Arabeskin 'Orhan Baba'sı Orhan Gencebay, 2000 yılında hiçbir bilgisi yokken borsaya girmenin, servetinin yüzde 85'ine mal olduğunu söylemiş.
Sanatçı,"2000 başında bazı tasarrufları borsaya koymuştum. Hiç bilmediğim bir alandı. Bu macerada yatırımımın yüzde 85'ini kaybettim. Bizde borsa yanlış biliniyor. Gelişmiş ülkelerde ev hanımları bile yemeğini yaparken borsadaki yatırımını takip edebilecek kadar bilgili" demiş. Müzik piyasasında mevcut yasaların yeterince uygulanamadığından dert yanan Gencebay, müzik sektöründeki çöküşü ise şöyle anlatmış: "Dünyadaki 190 ülkenin telifle ilgili Türkiye'de hakları var. Türkiye'nin bu haklara ne derece riayet ettiğine bakıldığında biz maalesef en kötü yerlerdeyiz. Meslek birlikleri olarak hareket başlattık. Yasa güzel ama yeterince uygulanmıyor. Sektör çöktü. 300 milyon olması gereken CD satışı tirajı 6 milyona düştü. Alınması gereken telif 19 milyon Euro, bunun yüzde 46'sı vergiye gidiyor. Gelişmiş ülkelerde bu rakam 1.5 milyar Euro'lara varıyor. Çöküşün ilk nedeni korsan ise ikincisi de internettir."
DEMİŞ Kİ:
Bir partinin bir ilçe başkanı konuşmuş "Başkan Demirtaş'ın hala 'Belediye Hizmet Kanunu' kitapçığını okumadığını ve belediye başkanlığının asli görevlerinin neler olduğunu bilmediğini söyleyebilirim.
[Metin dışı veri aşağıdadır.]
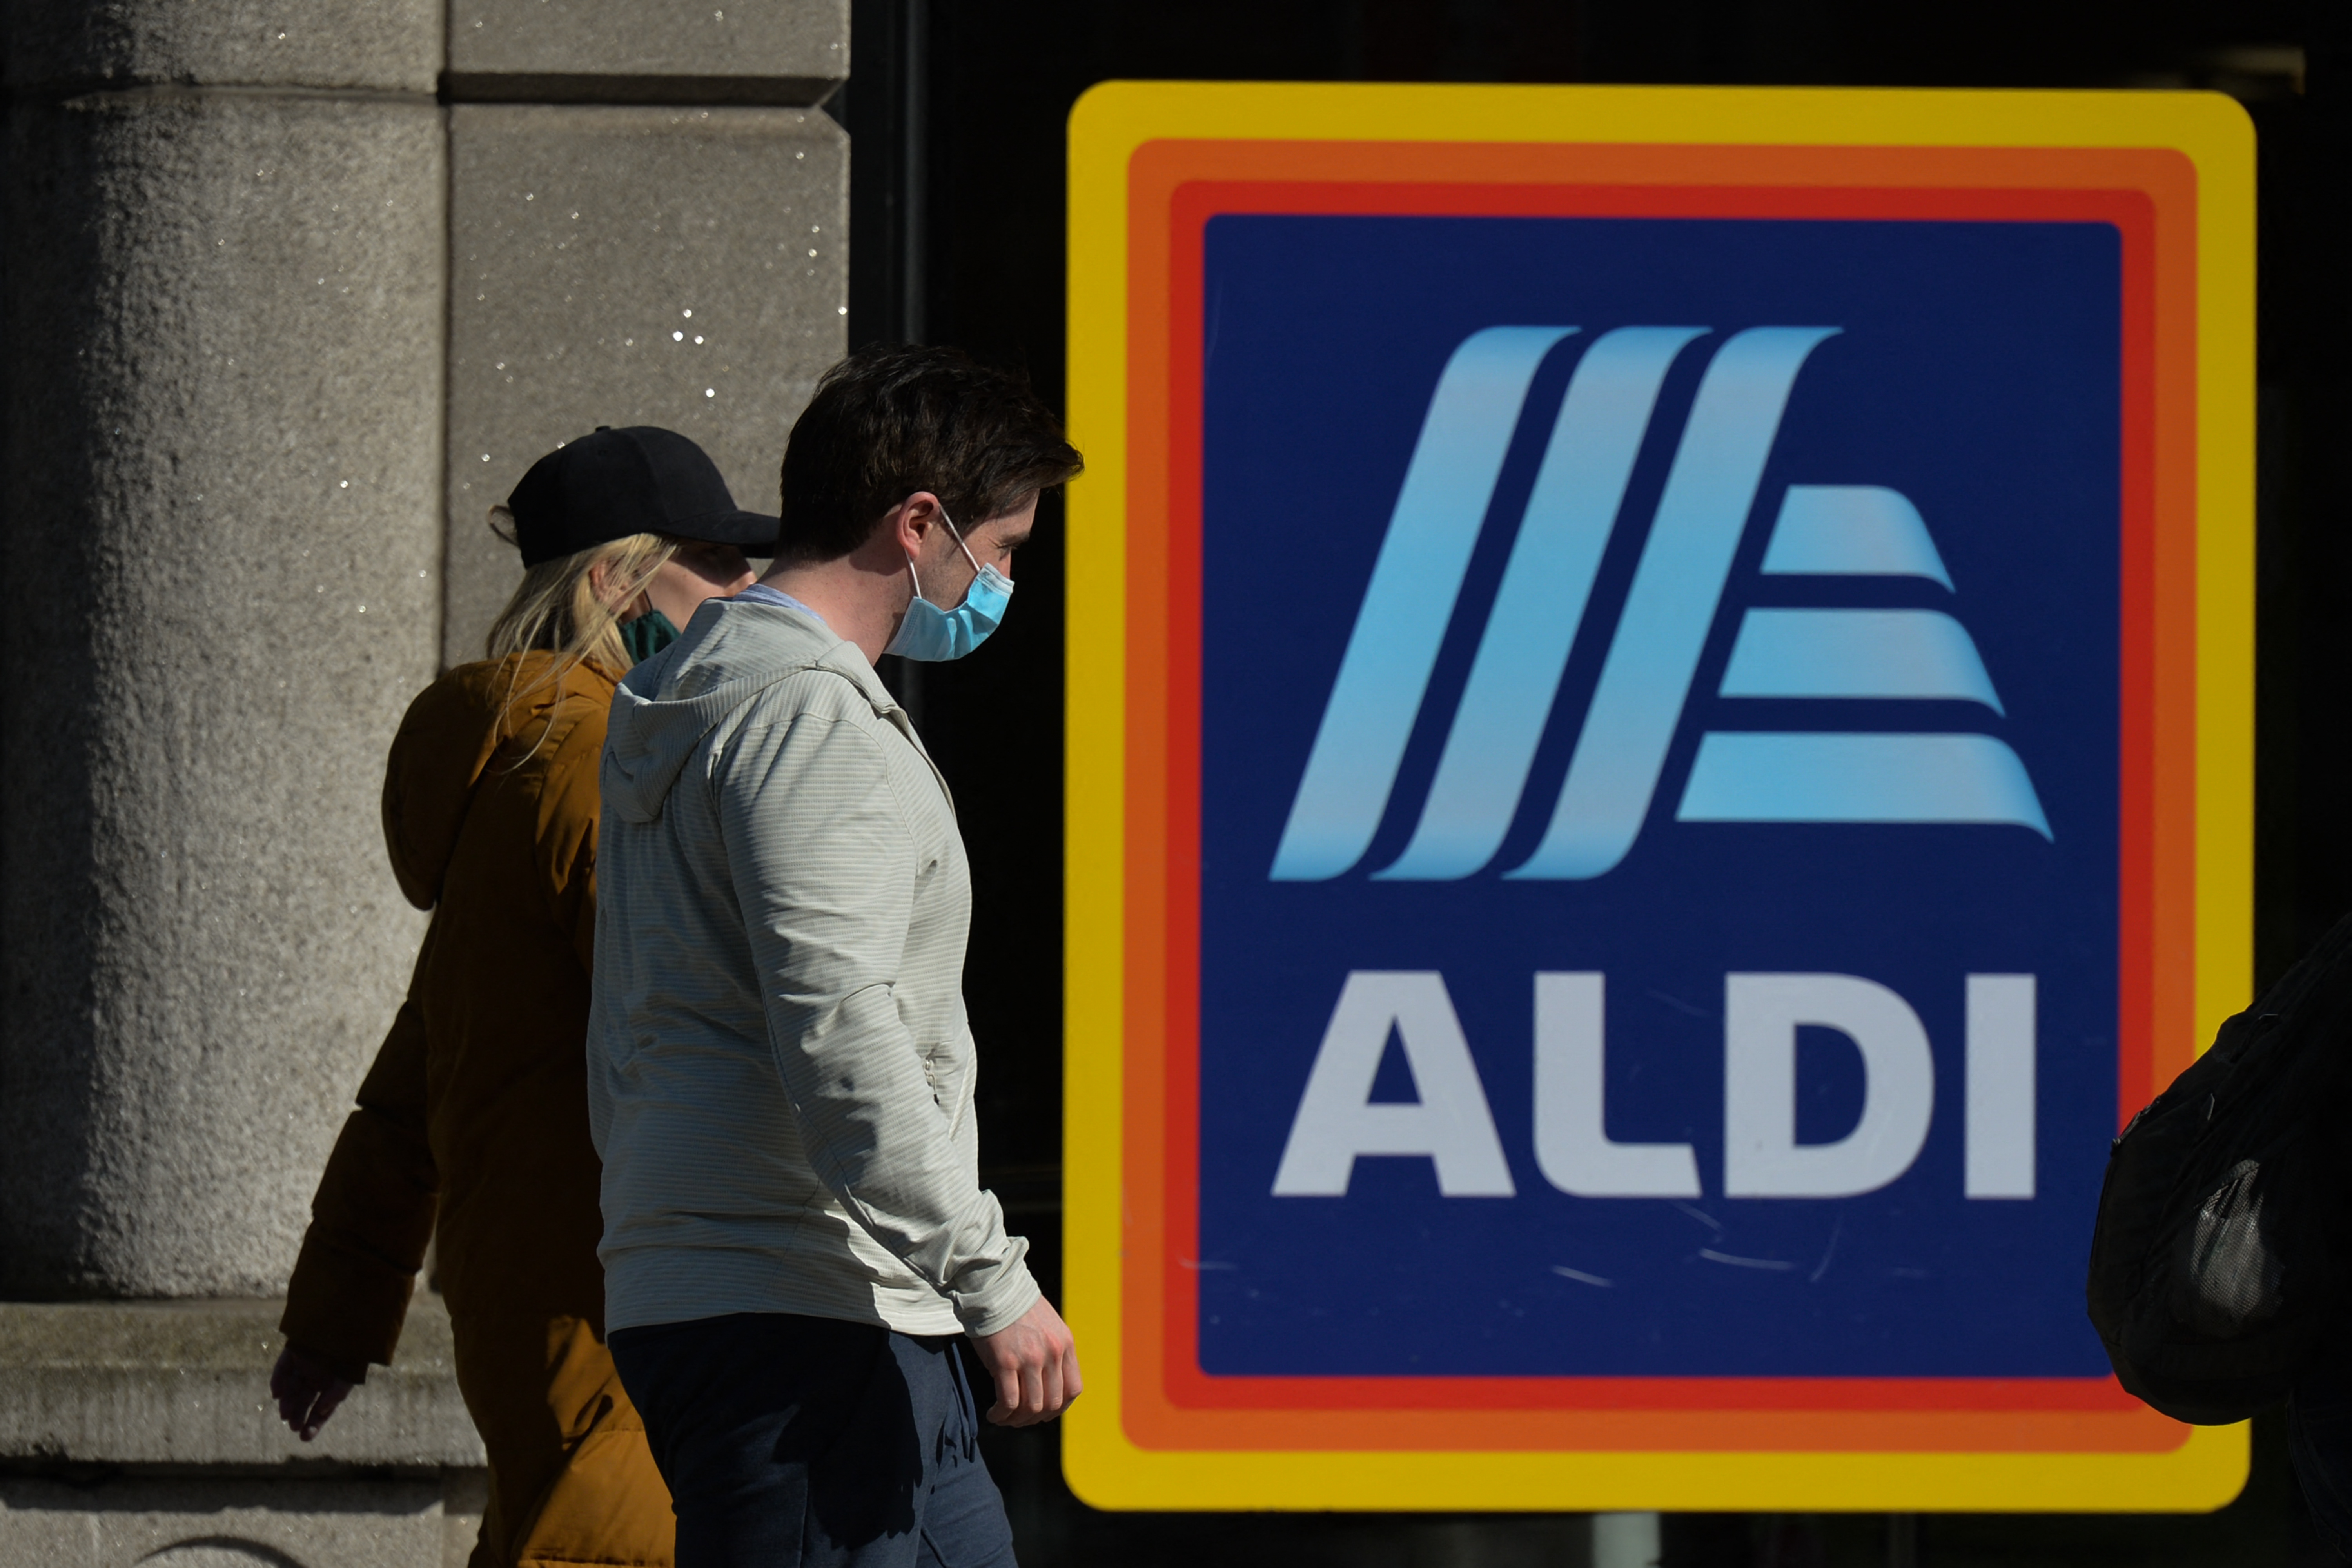 Megbüntették az Aldit, mert egy pécsi boltban február 1-én a hatósági árnál 10 forinttal drágábban árulták a cukrot

Uyarılarımız siyasi polemik olarak algılanıyor. İlkadım halkının zarar görmemesinin peşindeyiz. Sayın başkanın bu konuda yetersizliği halk tarafından tespit edilmiştir" deyu. Başkan iz sürüyor yani. Sonunda ne olacaksa!
KERİZ!
Fransa'da üniversitede araştırmacılar farelerin acıkma düzenleriyle ilgili deney yaparlar. Bilim adamları, uzun çalışmalar sonrasında farelere acıktıklarında
burunlarıyla zile basma yeteneği kazandırırlar. Fareler de durumlarından memnun, acıktıklarında kafesin yanındaki zile burunlarıyla basıyor ve yiyecekler geliyor.
Fareler kendi aralarında bu durumu ise şöyle değerlendiriyorlar:
"-Kerizleri amma da alıştırdık ha, her zile bastığımızda peynir veriyorlar"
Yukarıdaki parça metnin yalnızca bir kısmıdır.